Prompt: From the line that contains "FORMULARIO NUEVOS SOCIOS AUVEA" to the last line of the data below, transcribe every line exactly. Do not include the pictures.

Data provided:
--------------------

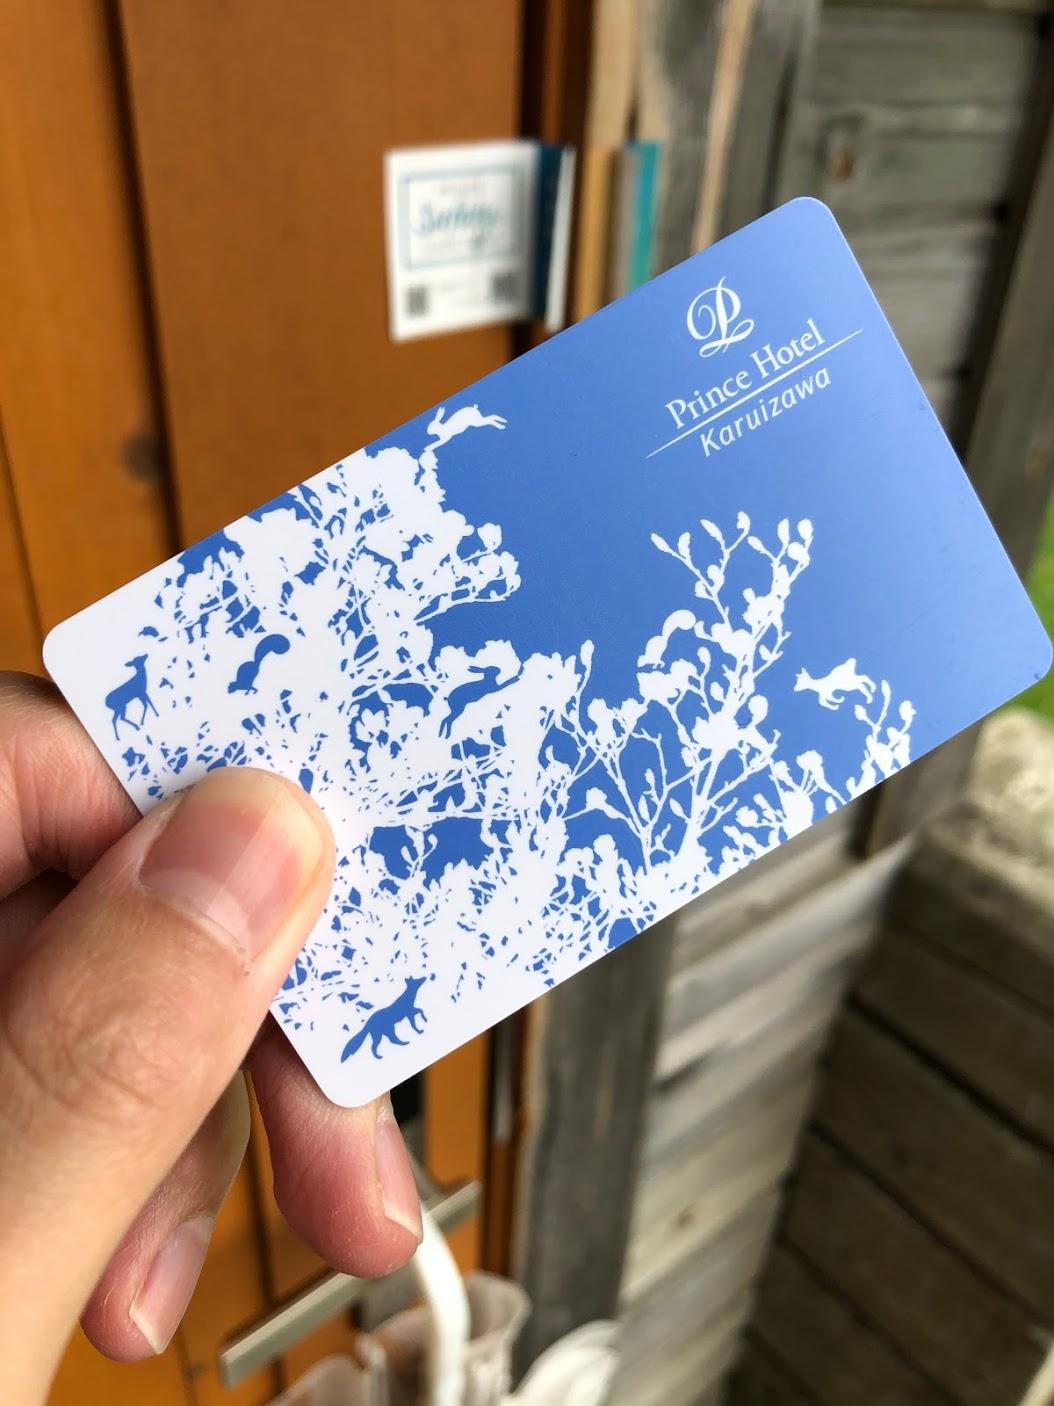 軽井沢プリンスホテル ウェスト コテージ カードキー
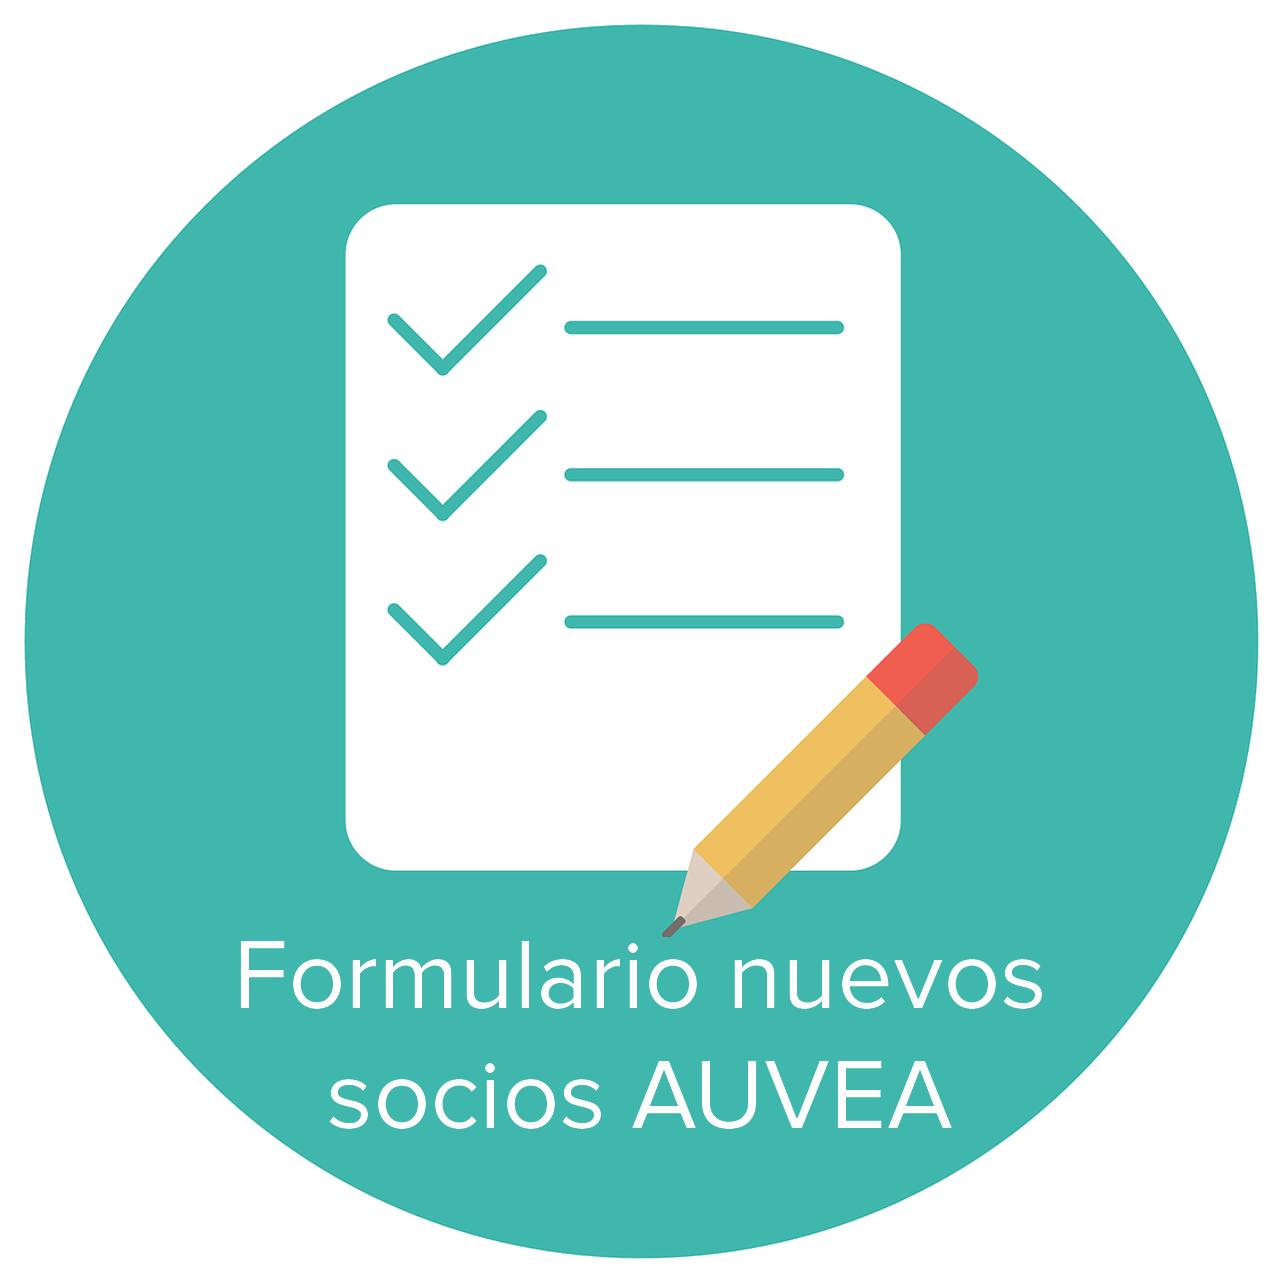 FORMULARIO NUEVOS SOCIOS AUVEA
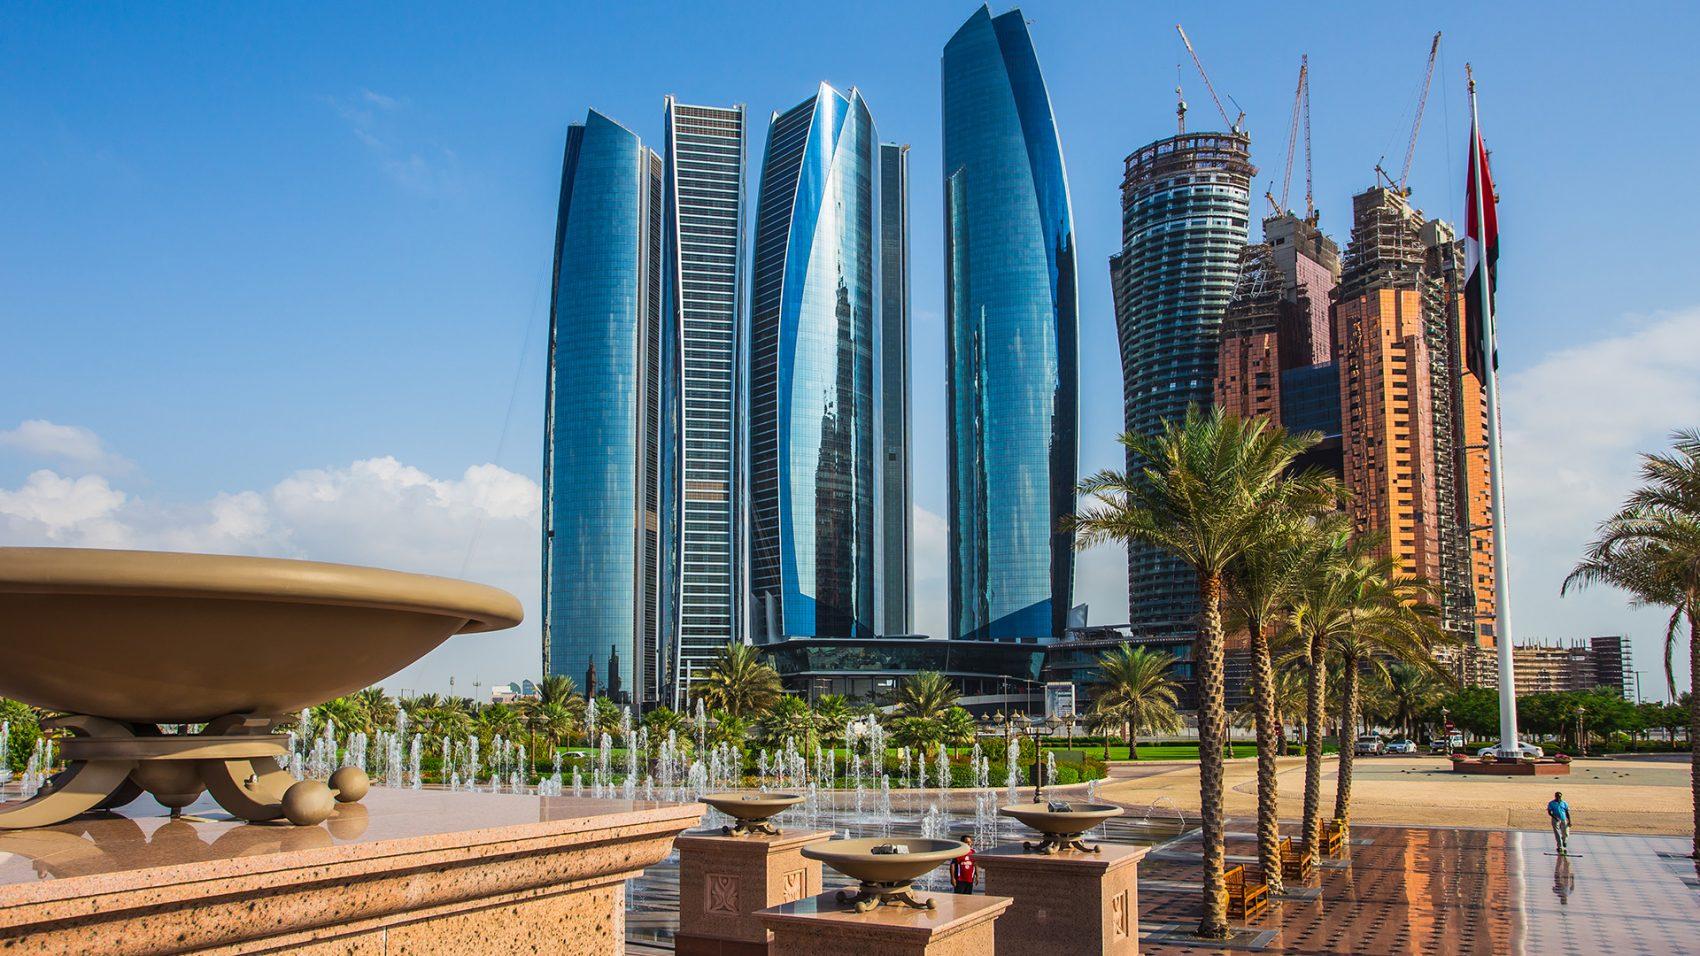 agência de notícias dos Emirados - Abu Dhabi foi classificada como a cidade  mais habitável da região pelo Índice Global de Viver

--------------------

Answer section:
 FORMULARIO NUEVOS SOCIOS AUVEA
 agência de notícias dos Emirados - Abu Dhabi foi classificada como a cidade  mais habitável da região pelo Índice Global de Viver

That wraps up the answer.